Our Lives

He’ll have his say no matter how long it takes

Published: September 22, 2012 

“A quick fyi,” began one of the paragraphs in my friend’s email. Just telling me what she’d heard. She’s smart enough to understand that sometimes people have to know what they don’t really want to know.

I read it through to the end, then read it a few more times, looking for hidden meanings, subtle implications. Nope, none. I recognized the queasy tightness in my guts – back again. I asked myself what I should do, and of course there was nothing to do. Dark outside. I went to bed. This was Nov. 10.

The next day at work I couldn’t stop thinking about it. I wasn’t sure how I felt. Numb, I guess. I went through my routine obliviously. I have always been a little horrified at how easy that is, what a small amount of self it takes to keep a person moving through the world, making decisions, engaging in small talk. As if the rest served no purpose.

That night I read the email several more times. I thought about defeat, and loss, and my inability to change the situation. Then I began working on my response.

I started out rationally enough, but the more I typed, the more fervent I became. I wasn’t numb anymore. I was upset. And then I moved past upset and became angry. Violently angry. But my violence was aimed solely at the keyboard. I was lashing out. I was exacting revenge.

When I was done I had produced a hysterical, semi-coherent, profanity-laced rant, more than 3,000 words long. I clicked ‘Send’ with a kind of self-destructive triumph. Few people have defamed themselves so thoroughly.

My friend took it pretty well. She emailed me back a few days later. “Hopefully that did you some good.”

Had it? I had expected it to. Get everything out of my system, I had thought, and then I could go on with my life. But I didn’t feel any different.

Why had I written that email? To have my say. Not to make things better, but just to state, for the record, what I thought about the situation, and, while I was at it, the world. Sometimes an immense satisfaction can be gained from that. I had done this, hadn’t I? I should feel better, shouldn’t I?

I went back and read what I’d written. I found myself disappointed. I’d glossed over a lot of important points. I’d failed to make certain distinctions. Also, the tone was wrong. This was only a clumsy approximation of what I thought.

I started fixing it.

The anger I had felt didn’t go away, but it receded enough that I could be rational again.
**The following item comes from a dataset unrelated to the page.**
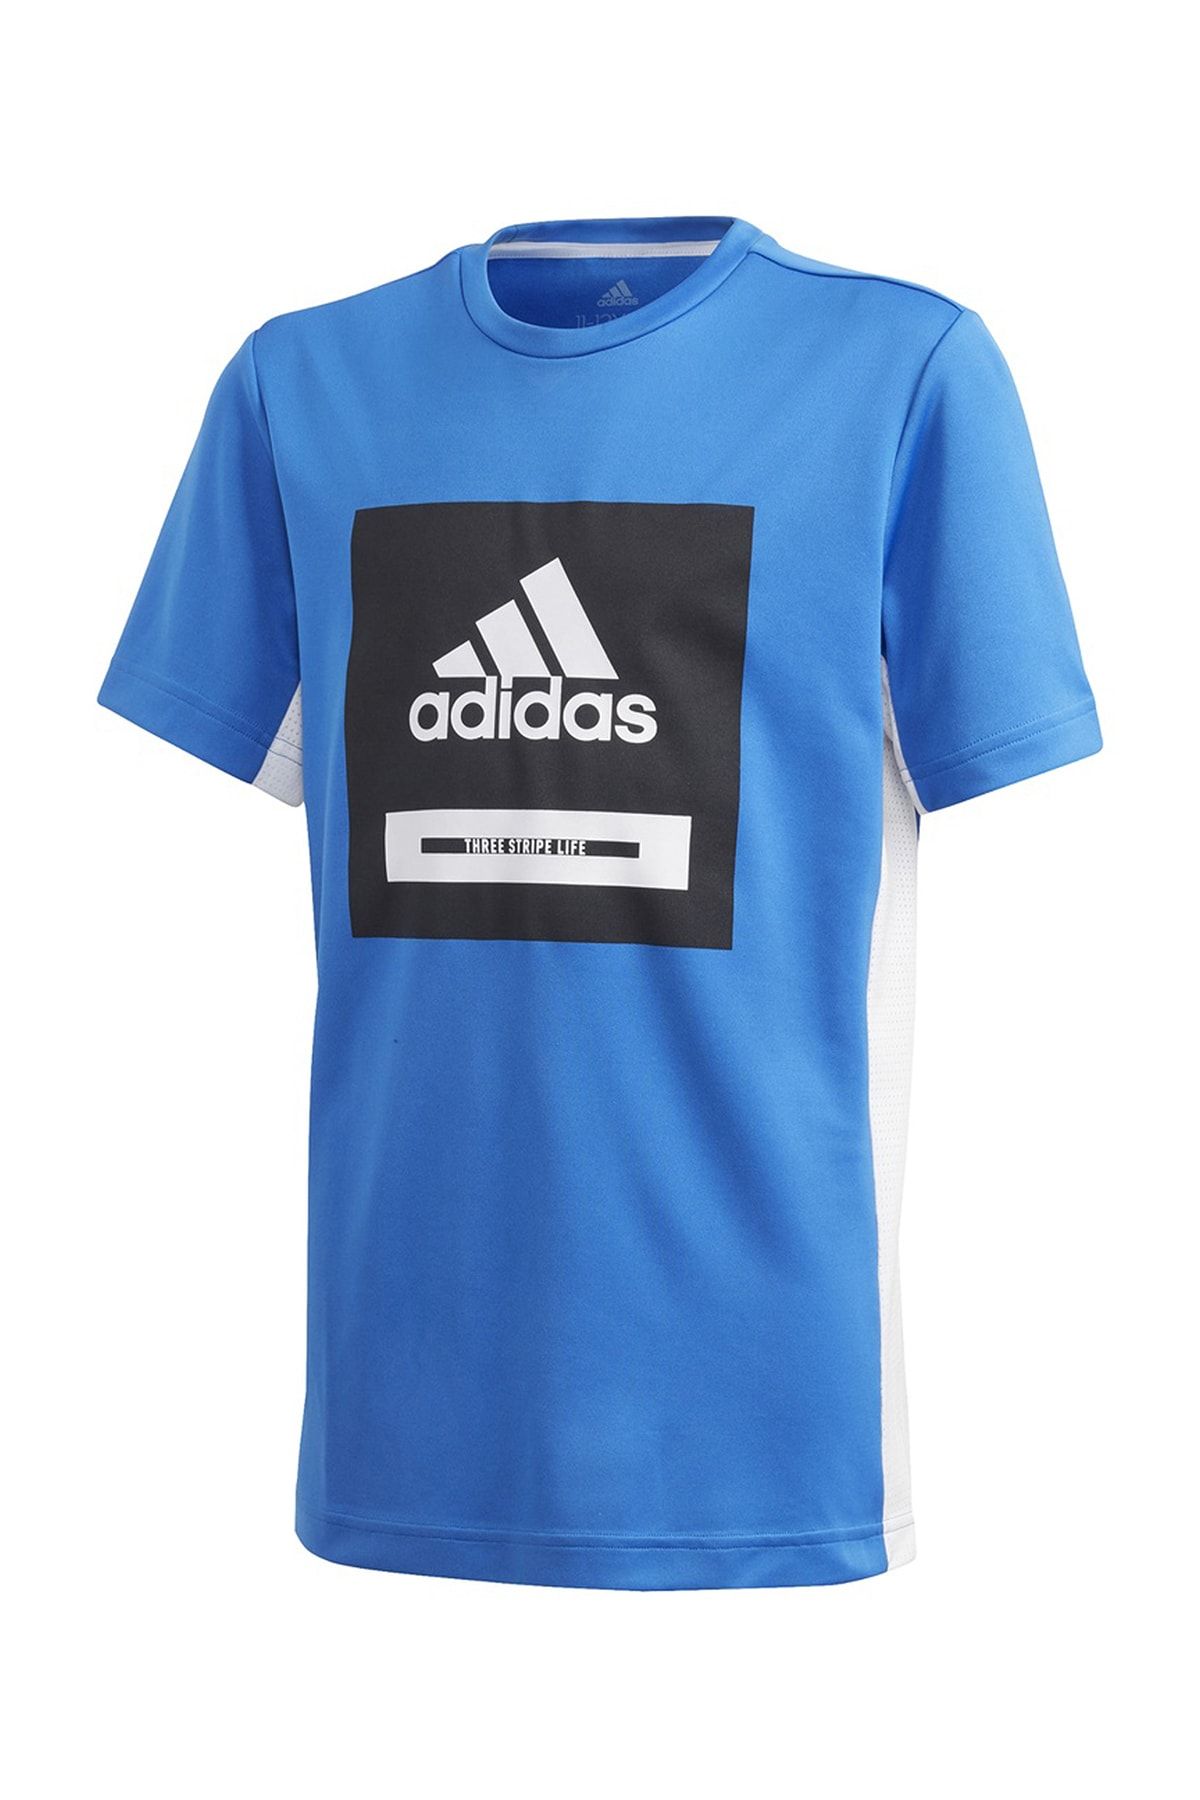 adidas FM1699-C adidas Jb Tr Bold Tee Çocuk T-Shirt Mavi

What did I think about the situation? That turned out to be a much harder question than I’d realized. Aside from denouncing failure and unhappiness, what was there? The best way, sometimes, is to just write, let your thoughts go wherever they’ll go, and not worry about the end result. I did this all through January and February. My thoughts clarified. When I finished, in March, I had 60,000 unfettered words, begging for structure.

That required changing things around. I messed with the order of events. And not only the order, but the events themselves. Some I omitted, some I altered, some I made up out of thin air. I did this with a clear conscience, convinced that I was being no less honest for it. With so few words in our language to express human emotion, and those being mostly rather blunt, distortion is often the only way to indicate a precise feeling.

My third draft of that rage-filled email is approaching 75,000 words, and it’s nowhere near done. I always carry a notepad in case something suddenly occurs to me, some additional point I need to make. This happens a lot.

Humor, heroism and art are the only tools we mortals have for turning defeat into victory. I expect to be working on this project for another year, at least. It dominates a large part of my thoughts and my free time. When I’ve finally finished, and every comma is in place, and every word is the exact one I want, and I’ve achieved the effect I wanted to achieve, then I will be able to stop. Then I’ll have had my say.